Amazon Athena allows you easily query data stored in Amazon S3 with SQL. With Meroxa, you can build a pipeline to pull data from any source and send it to Amazon S3 in real-time. Altogether, this pipeline allows you to query and analyze real-time data across multiple sources using Athena.

Data Pipeline Diagram

To accomplish ingestion and analysis, you will:

  1. Send data to Amazon S3.
  2. Create a table in Amazon Athena.
  3. Query data.

Send Data to Amazon S3

To build a pipeline to send data to Amazon S3, you can use the Meroxa Dashboard or the Meroxa CLI.

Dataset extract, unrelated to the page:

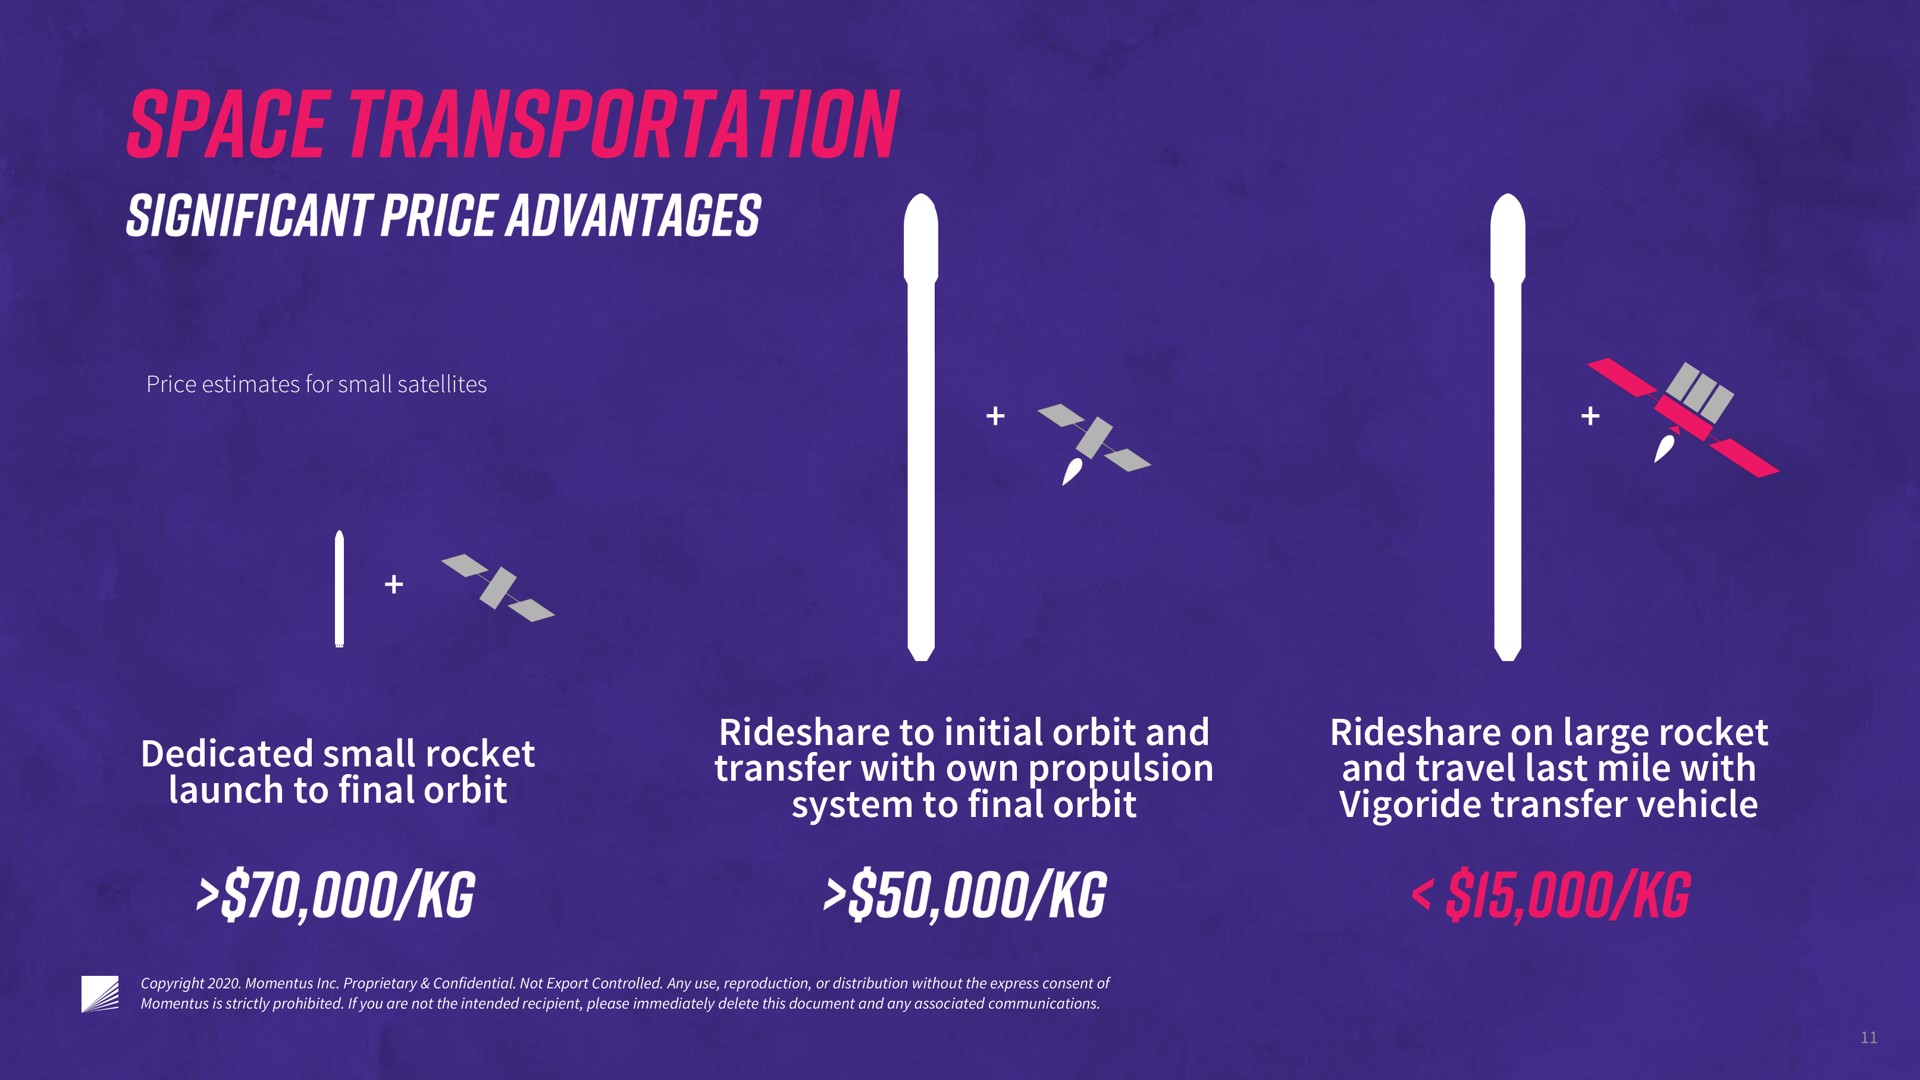 dedicated small rocket launch to final orbit to initial orbit and transfer with own propulsion system to final orbit on large rocket and travel last mile with transfer vehicle | Momentus
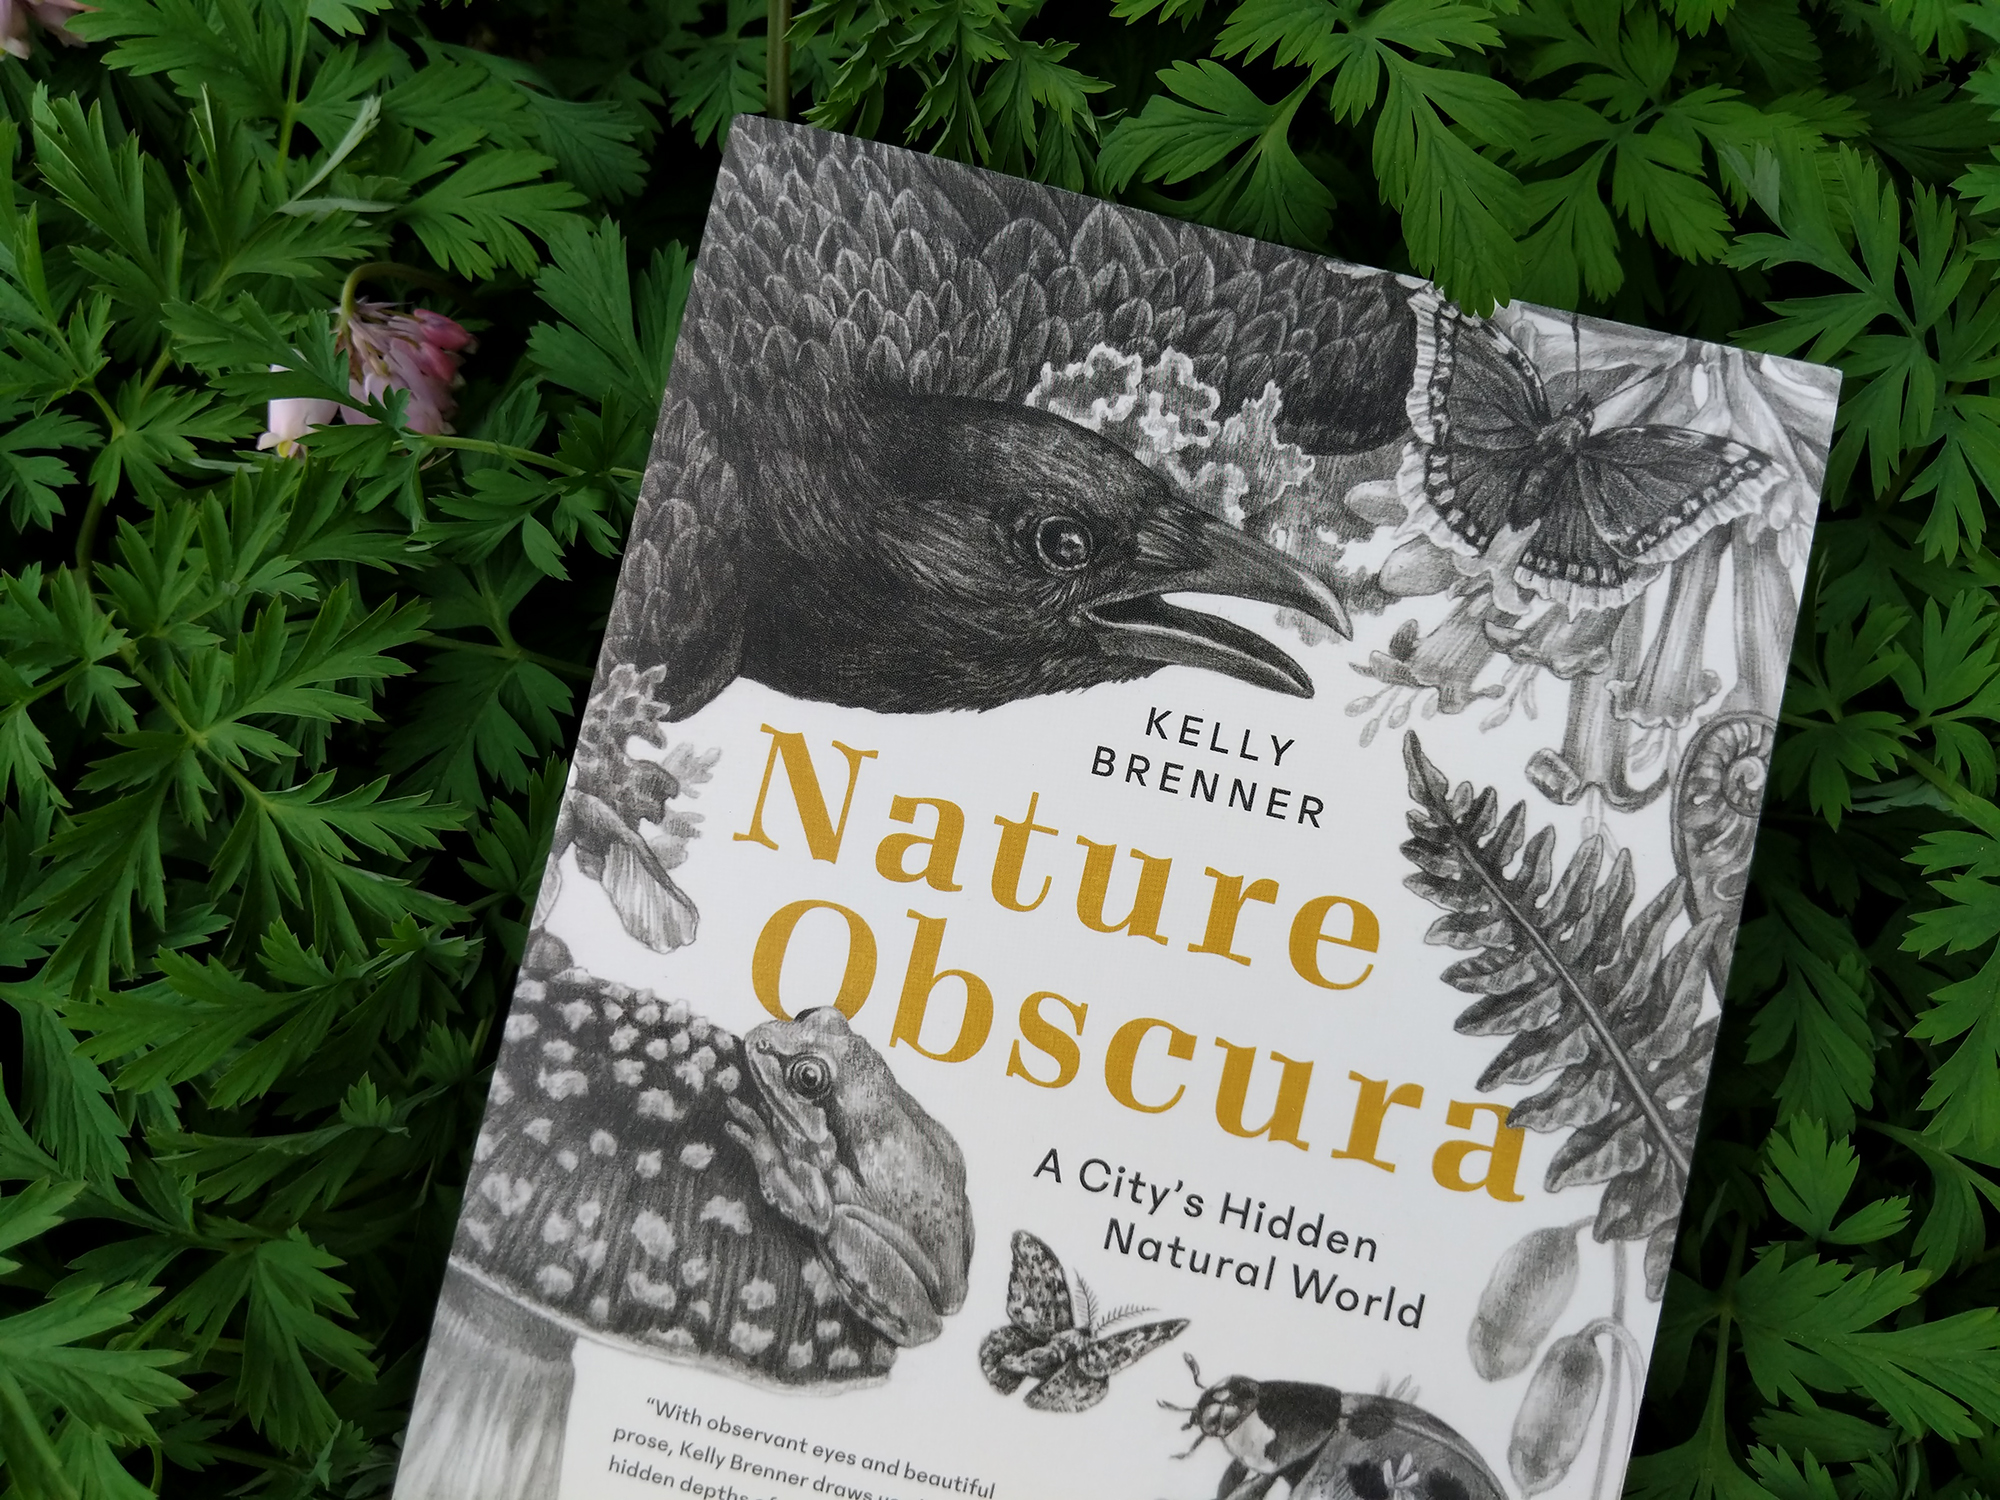 Kelly Brenner in Conversation with Seattle Audubon

Selected Destination PostgreSQLSelected Destination Amazon S3

Add PostgreSQL Resource:

 meroxa resource create my-postgres --type postgres -u postgres://$PG_USER:$PG_PASS@$PG_URL:$PG_PORT/$PG_DB

Add Amazon S3 Resource:

 meroxa resource create my-s3 --type s3 -u s3://$AWS_ACCESS_KEY:$AWS_ACCESS_SECRET@$AWS_REGION/$AWS_S3_BUCKET

Create Pipeline:

meroxa pipeline create to-datalake-for-athena

Add PostgreSQL Source Connector:

meroxa connector create from-my-postgres --from postgres --input $INPUT --pipeline to-datalake-for-athena

Add Amazon S3 Destination Connector:

meroxa connector create to-my-s3  --to s3 --input $STREAM_NAME --pipeline to-datalake-for-athena

For more information, see:

Verifying

Once your pipeline is up and running, you will be able to see data within an S3 bucket:

Meroxa Data in Amazon S3

You may change the behavior of the connector with configuration. For example, you can change how the data record is compressed when stored in the bucket.

Create Table in Amazon Athena

Next, you can create a database in Athena.

CREATE DATABASE userdemo

The command above creates a database called userdemo.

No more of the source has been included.